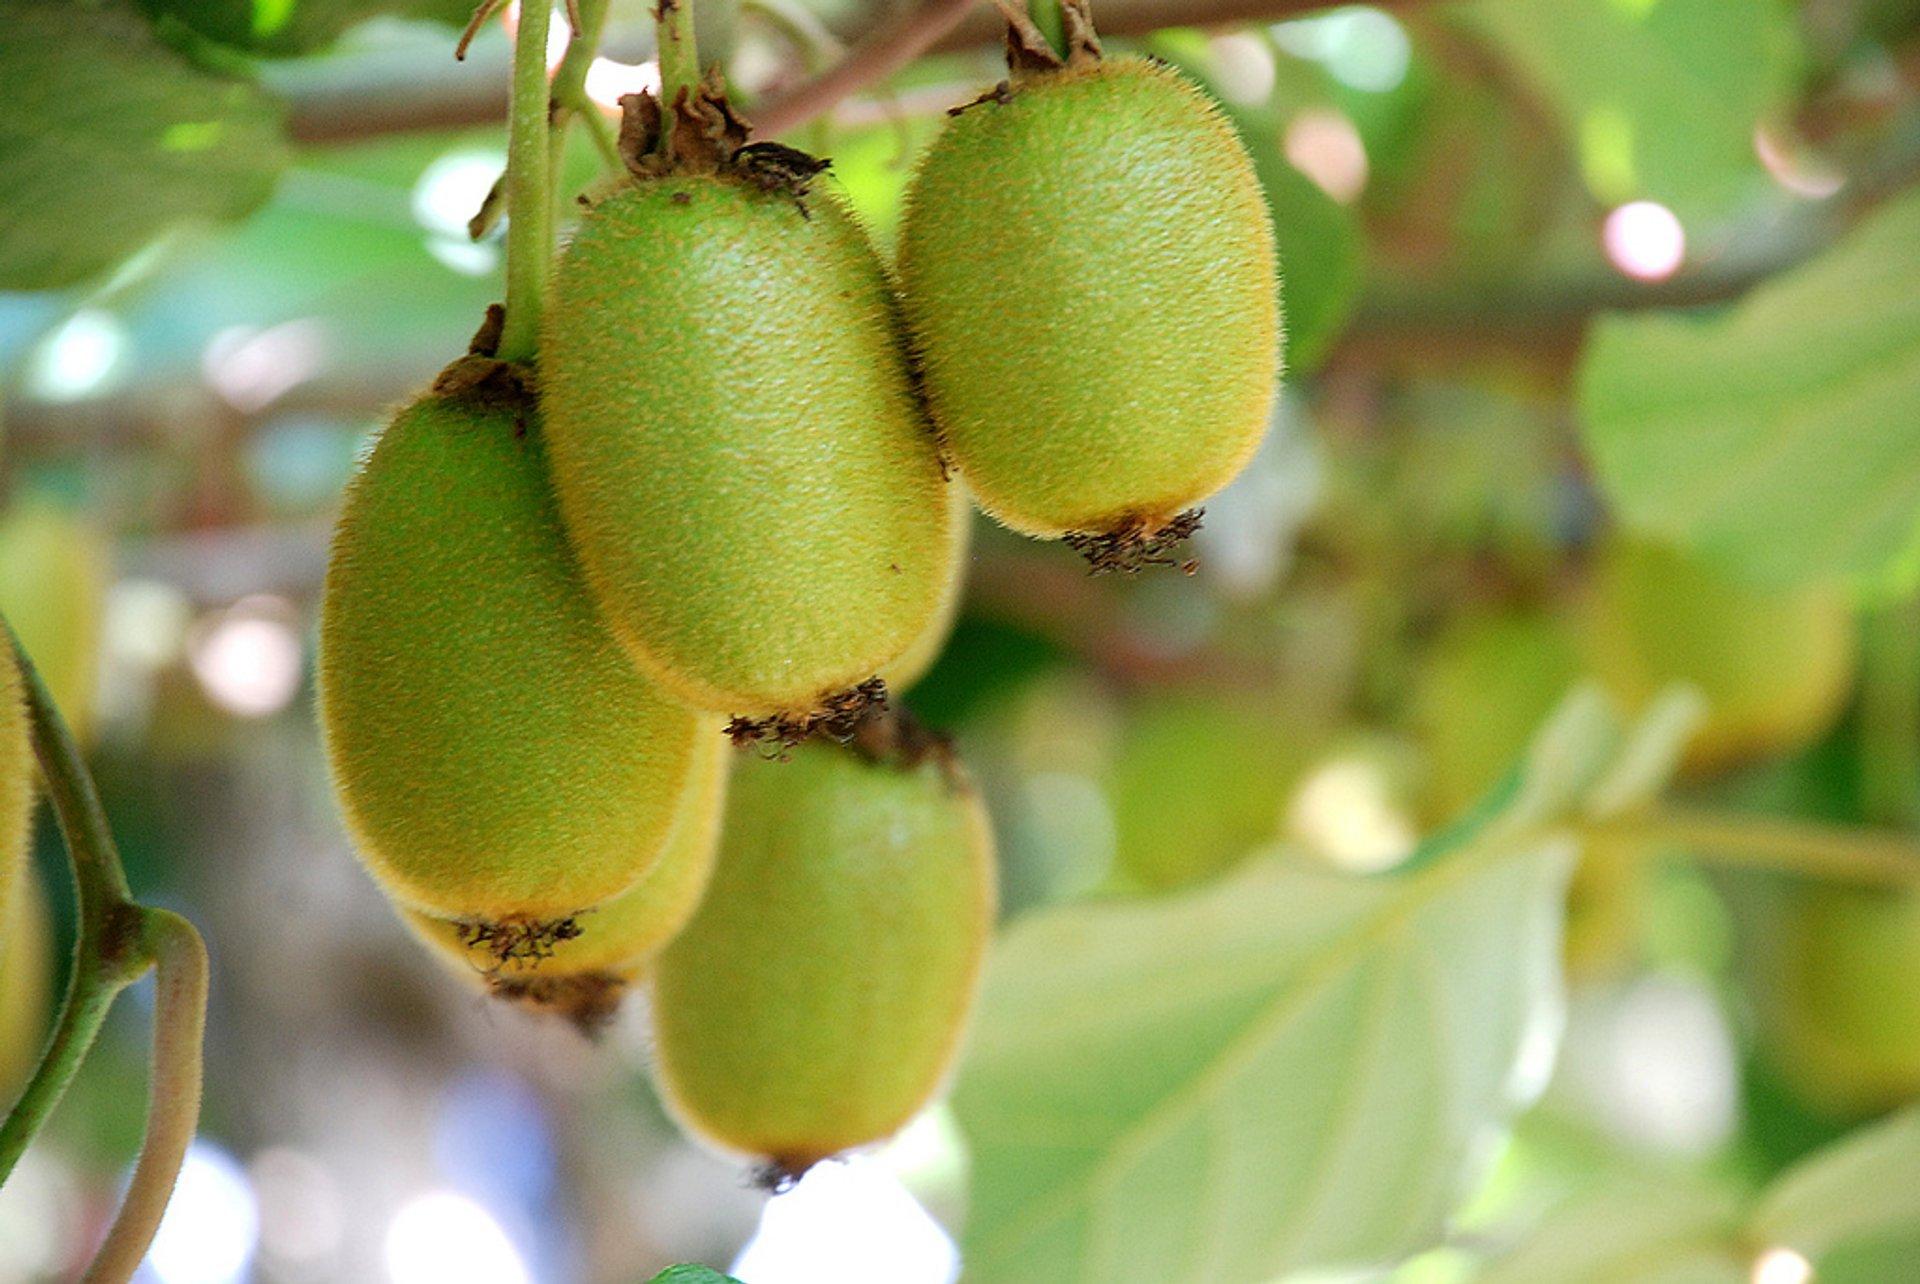 Golden Kiwifruit in New Zealand 2020 - Best Time
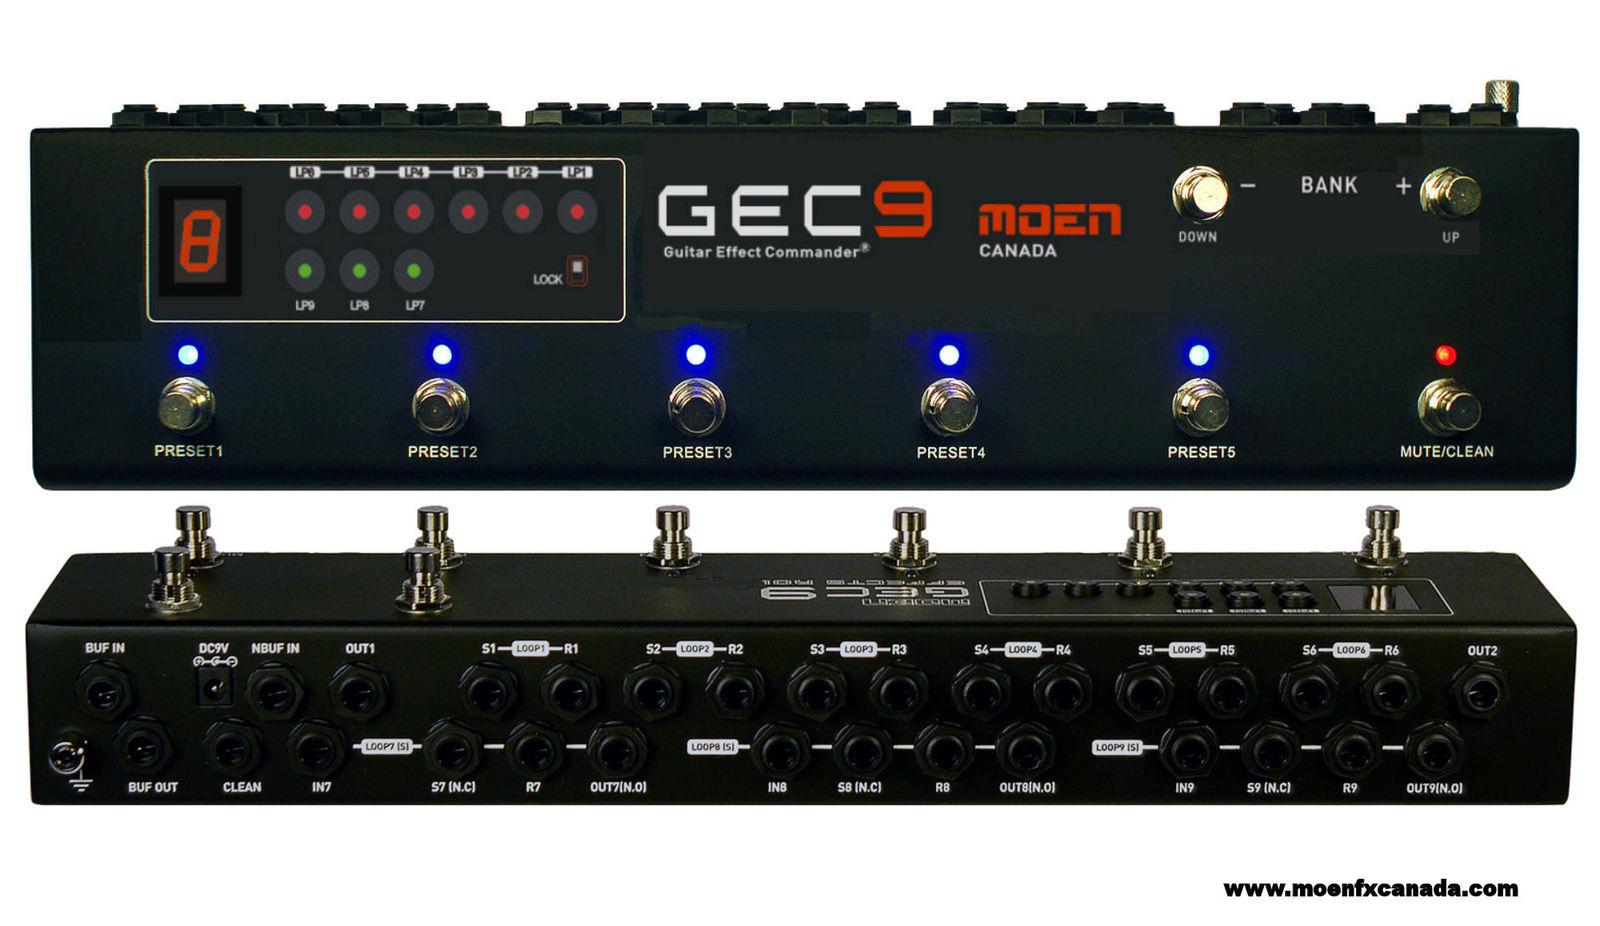 moen canada gec 9 v2 pedal switcher guitar and similar items rh bonanza com
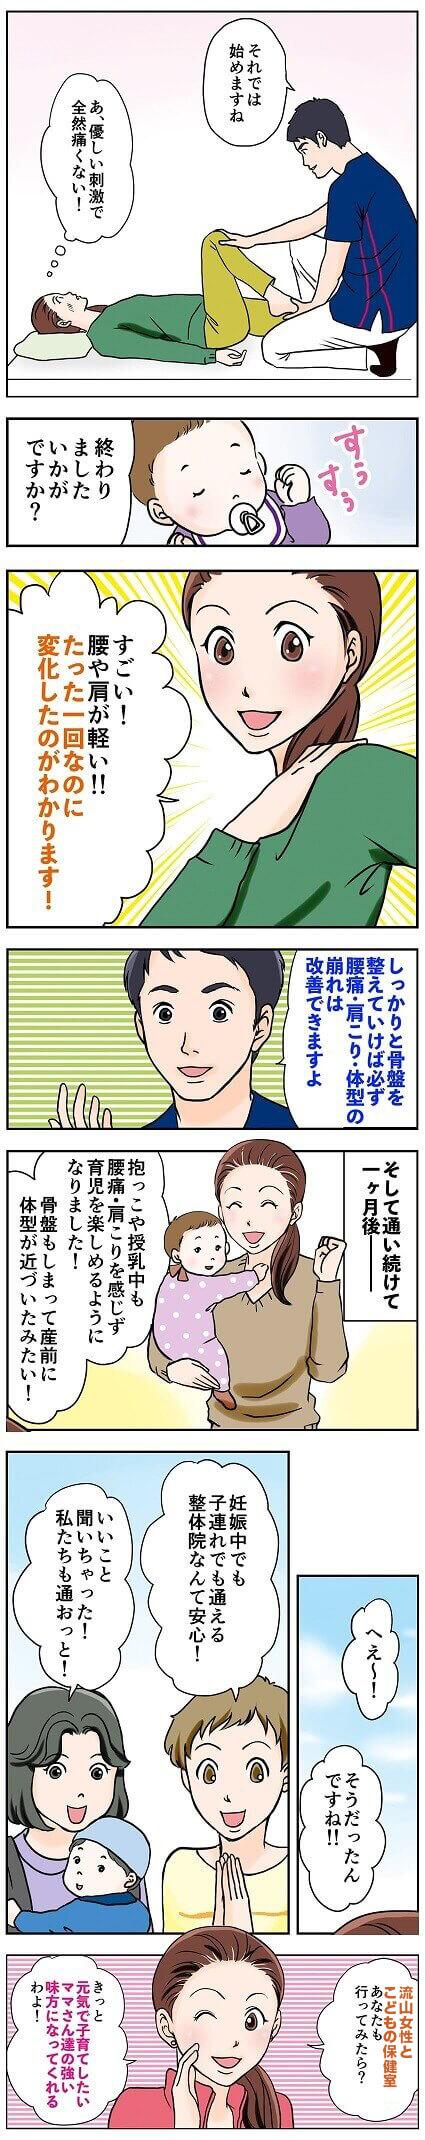 SPマンガページ4
##############################
Directions:
A verbatim copy of the listing, with all pictures removed, is required.

Solved exercise:
 Golden Kiwifruit in New Zealand 2020 - Best Time
 moen canada gec 9 v2 pedal switcher guitar and similar items rh bonanza com
 SPマンガページ4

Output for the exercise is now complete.